I started taking more breaks at the build site. Sometimes to hydrate. Sometimes just because the kids wanted to play. What I learned in this one week was to give my presence fully. I may not have understood what the kids were saying to me, and they may not have understood me, but when we spun and giggled and danced nothing else existed. My mind was not rushing off to the next task, but present, delighting, filled with the resonating laughter of the children.
This week I collapsed on my bed every day after the build, feeling physically and emotionally raw. And as I lay there, trying to parse through the emotions that were surfacing, I learned that the love that budded within me towards the people I was connecting with could only be cultivated if I loved and accepted myself. The love would grow only if I gave them my most vulnerable, authentic, and imperfect self, rather than the image of the “best I can be” that I typically try to achieve in my daily life.
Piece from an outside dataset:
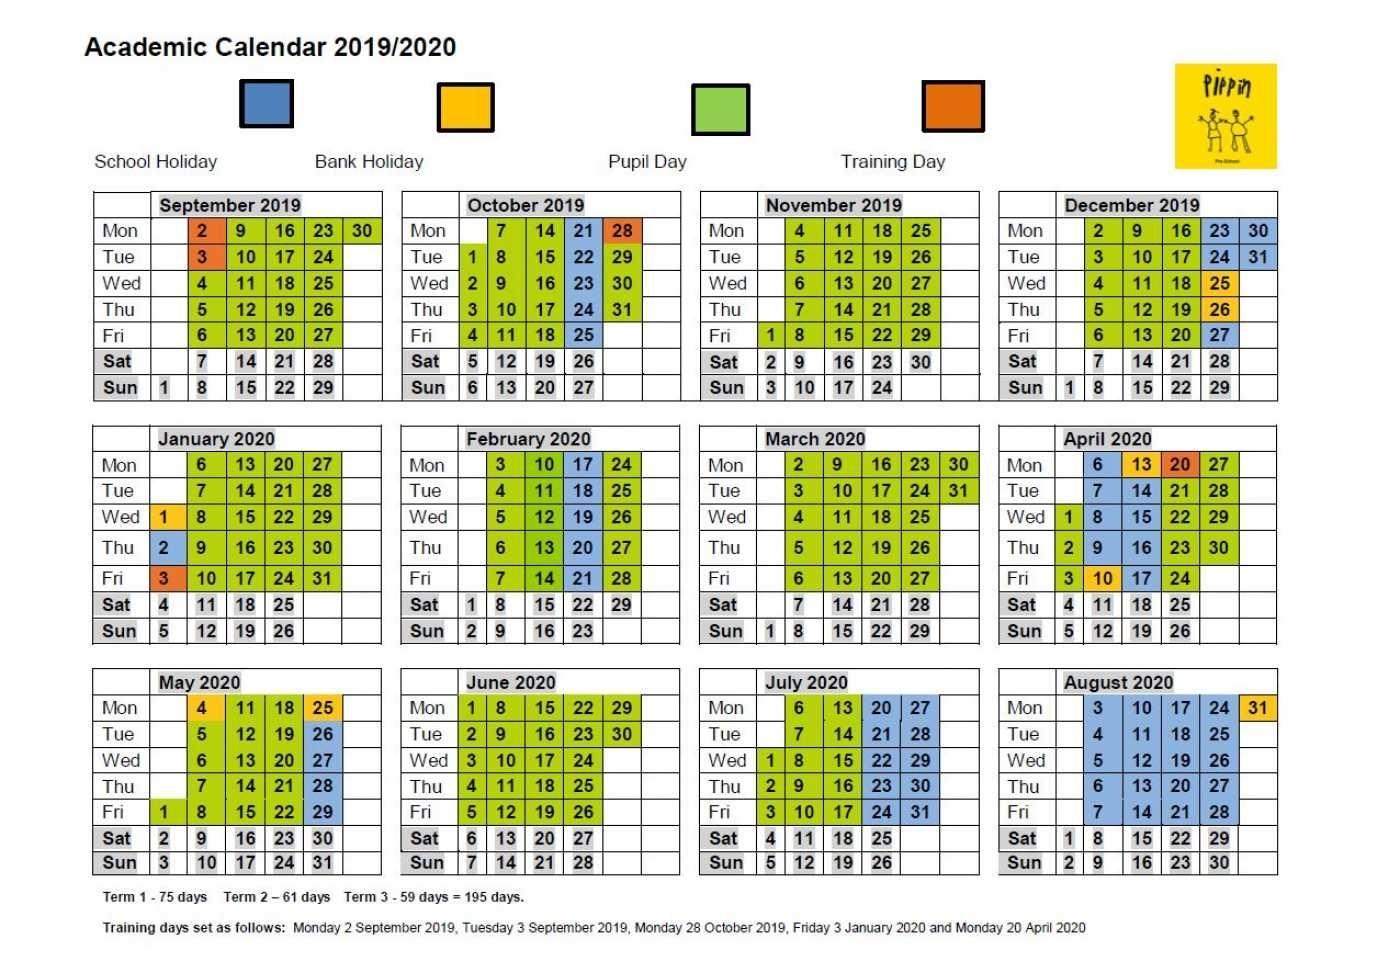 Academic Calendar - Pippin Pre-School intended for Special Days Calendar 2019-2020
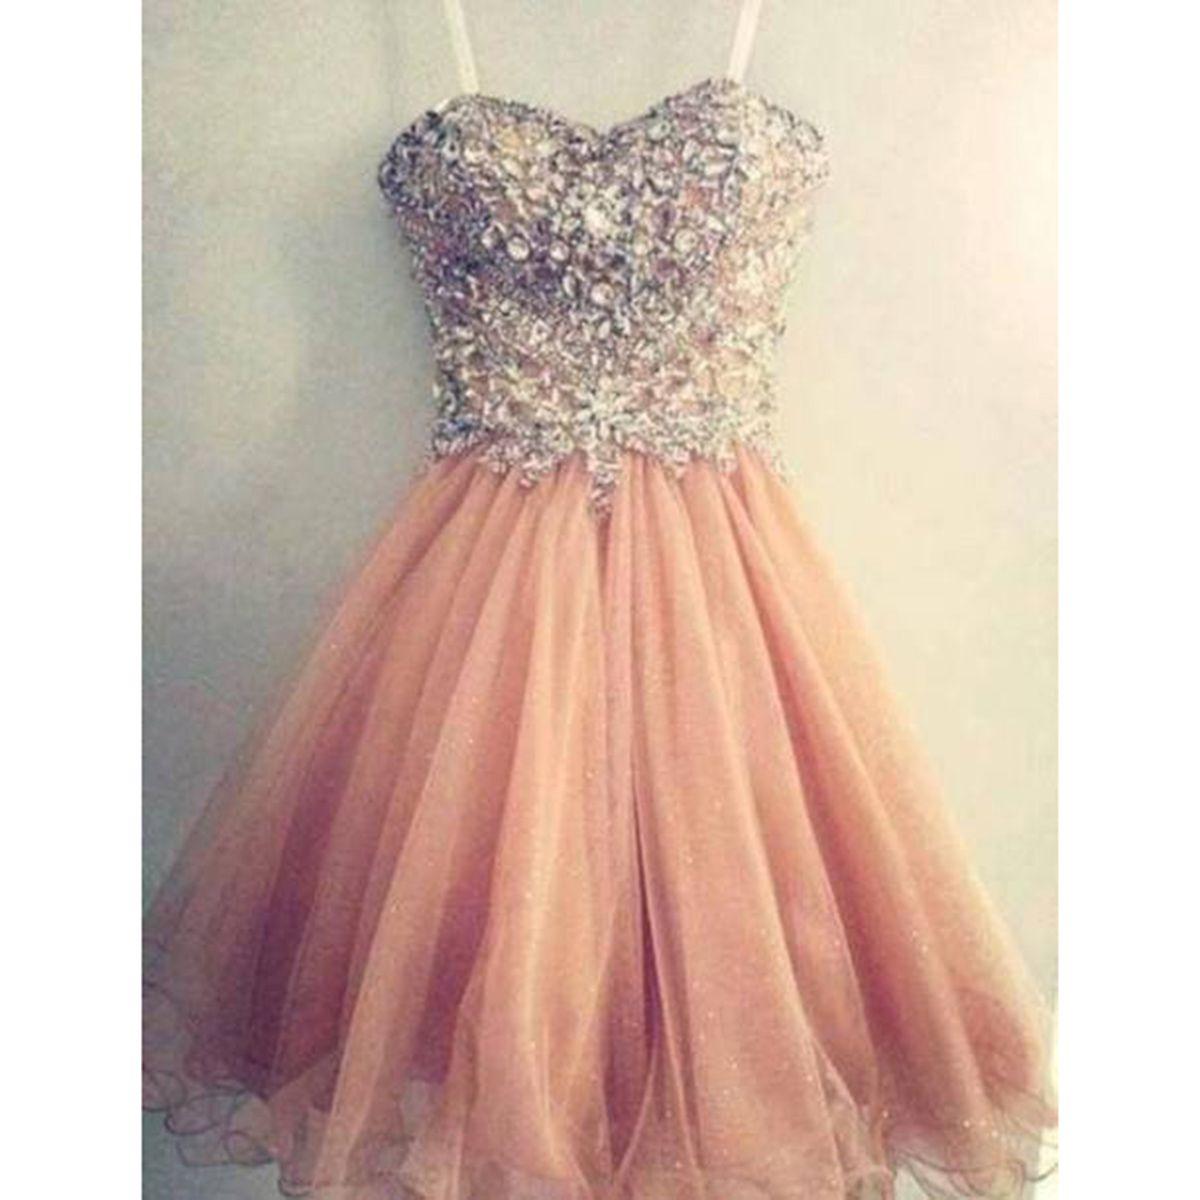 Images for ue cute short dresses tumblr dresses pinterest

I was nothing like “cool” or “perfect”: I was sweaty, dirty, and felt that I could have been doing so much more. In the face of the apparent need and poverty it was easy to feel “less than”.
And yet, the family that I was building for, the children I was playing with, they didn’t care about my weight, the size of my waist or my paycheck, my pace per mile, or my alignment in some fanciful yoga pose. I was there, giving them my effort, my time, my presence, and my love, and they loved all of me for just that!
And this unconditional love on their end made me realize that I am worthy of love and acceptance just as I am. I am enough.
I belonged. There was a home for my heart in the house I had been building.